The ‘anonymous’ web browser Tor is used by about 600,000 people a day – and is totally untraceable. Tor ‘bounces’ data between dozens of computers on its way to and from the web, making users effectively invisible.
Financed by the US government, the controversial browser is used by the FBI and championed by advocates of internet freedom. Tor offered a ‘safe’ channel to Egyptian dissidents during the Arab Spring and is used by bloggers in Syria. But it also grants access to a world where the illegal is openly traded.
Using Tor, you can visit special ‘.onion’ sites – a dark domain that is used to host highly illegal marketplaces. The notorious Silk Road site is an open drug market, where you browse and use a ‘checkout basket’, much as you would on Amazon. This week, offers include ‘250 pills of speed’, grams of Afghan heroin and new synthetic drugs.
Users report that contract killers can be hired via other Tor sites – and that fights to the death are a spectator sport. Many transactions are paid for in ‘bitcoins’, an online currency that allows money to be transferred without using banks.
Tor users in the UK openly offer weapons, high-grade cocaine and brides for sham marriages. Cyber criminals also advertise their wares.
One hacker’s .onion site proclaims: ‘I’ll do anything for money. If you want me to destroy some bussiness or a persons life [sic], I’ll do it! I can ruin them financially . . . If you want someone to get known as a child porn user, no problem.’
David Emm, senior researcher at internet security company Kaspersky Lab, said: ‘The “dark market” is the underbelly of the legitimate economy, but it operates in a similar way.
‘If criminals want to trade, they have to have a point of presence. Once you’ve found them, they’ll do business via sites on the “hidden web” or fake email accounts.
‘The key is they’re quite prepared to move. When the corrupt internet service provider Russian Business Network was shut down, a lot of people predicted that was the end of the “dark market”, but they just reappeared elsewhere.’
I am amazed as a webmaster of dozens of sites I had never heard of this before.
I was once on a black hat webmaster forum when I was heavily researching SEO that had sub domains and other addresses they referred to in the private rooms as the ‘dark side’ – but I never had enough site privileges to access them.
It was where you went to access the big link/email spammers and maybe meet naughty folks to take your competitors sites down if you were that way inclined. I wanted to do neither so I never tried so hard to get there.
Reading other stuff on this subject today, I realise now that some of those blokes were using language back then that I assumed meant other stuff. I remember mention of TOR, I assumed it was something like RAR, a lesser-known compression programme or something.
I remember odd mentions of ‘the Onion’ – I thought they meant the satire website of the same name. Duh!
As an experiment today, I did a search of a .onion site directory. I found some, but my browser (Chrome) wouldn’t open any of the links – gave me a page like my internet was down. Although it wasnt. I changed browsers and then I got an error page from my ISP. It seems internet censorship is alive and well but we just don’t know it.
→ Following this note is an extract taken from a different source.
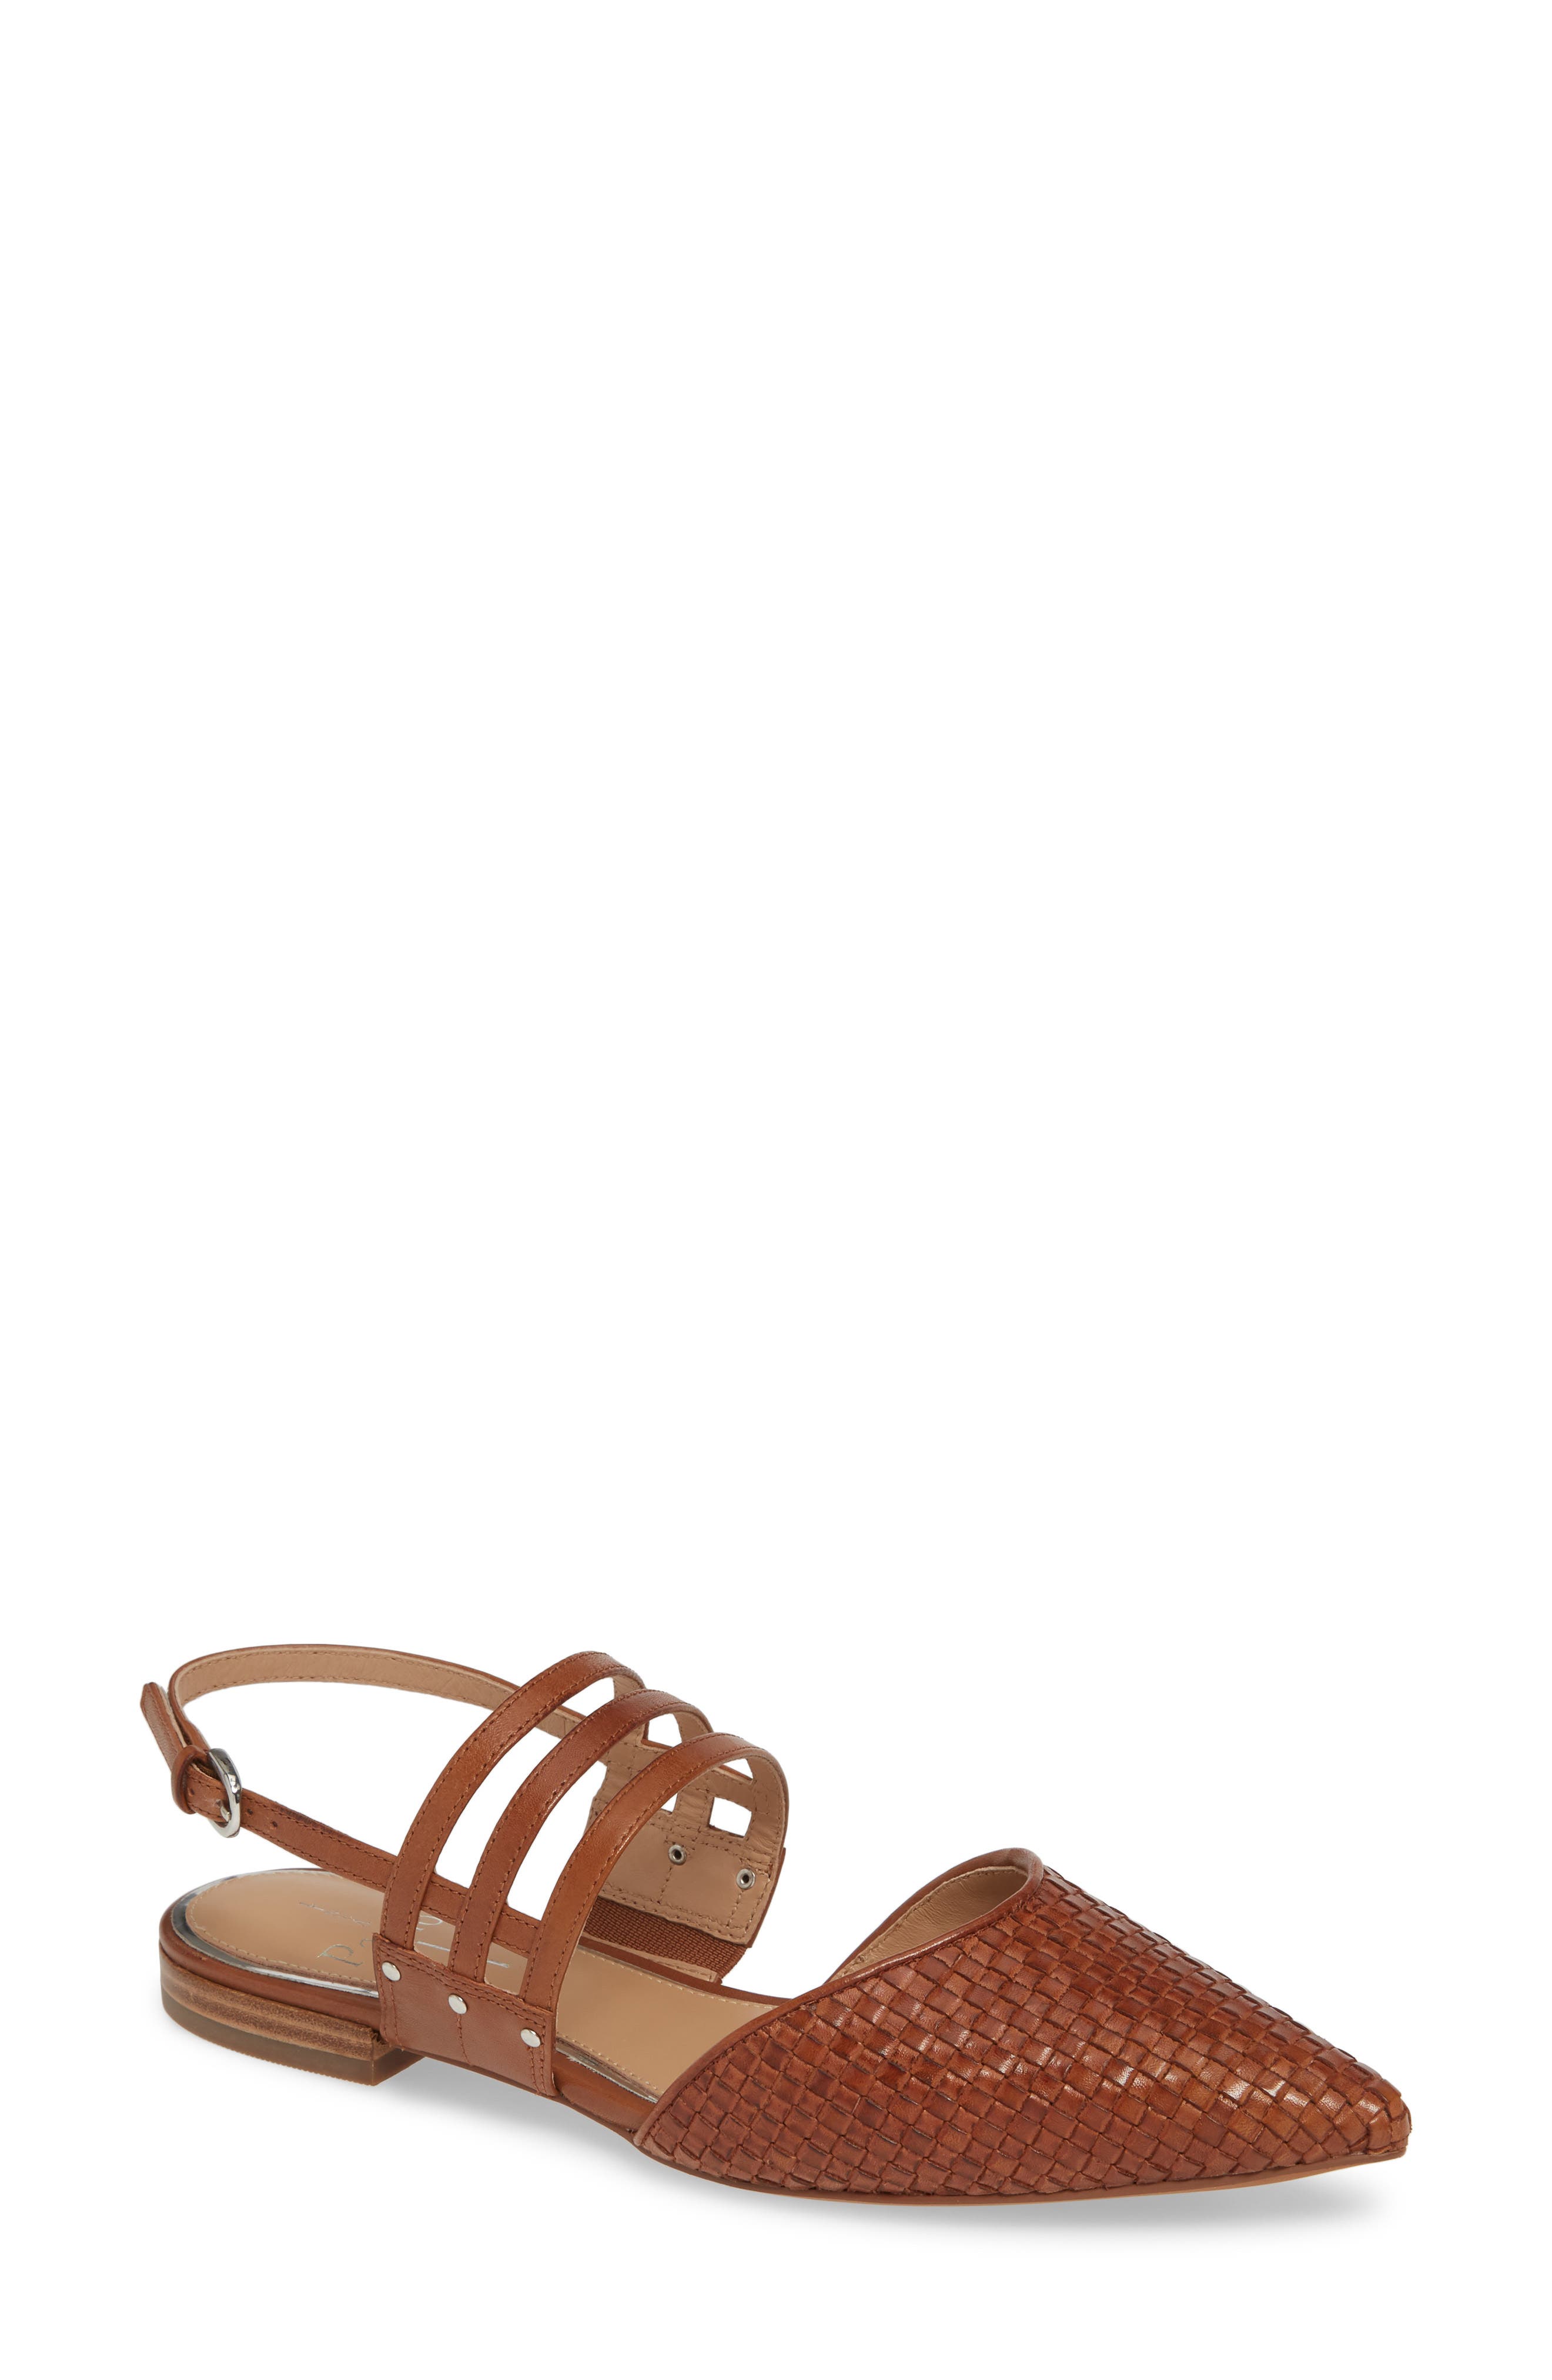 linea paolo shoes nordstrom rack

Nowadays, if it isn’t on Google, it doesn’t exist, right? Wrong!
But what of the 900 Billion pages Google wont or cant index? What an interesting subject……
The TOR browser has a wiki entry: http://en.wikipedia.org/wiki/TOR_(anonymity_network)
As does the DeepNet: http://en.wikipedia.org/wiki/Deep_Web
Another interesting article I found: http://nakedsecurity.sophos.com/2012…net-anonymity/
I have never heard of a domain name ending in .onion
Has anyone else read about this before?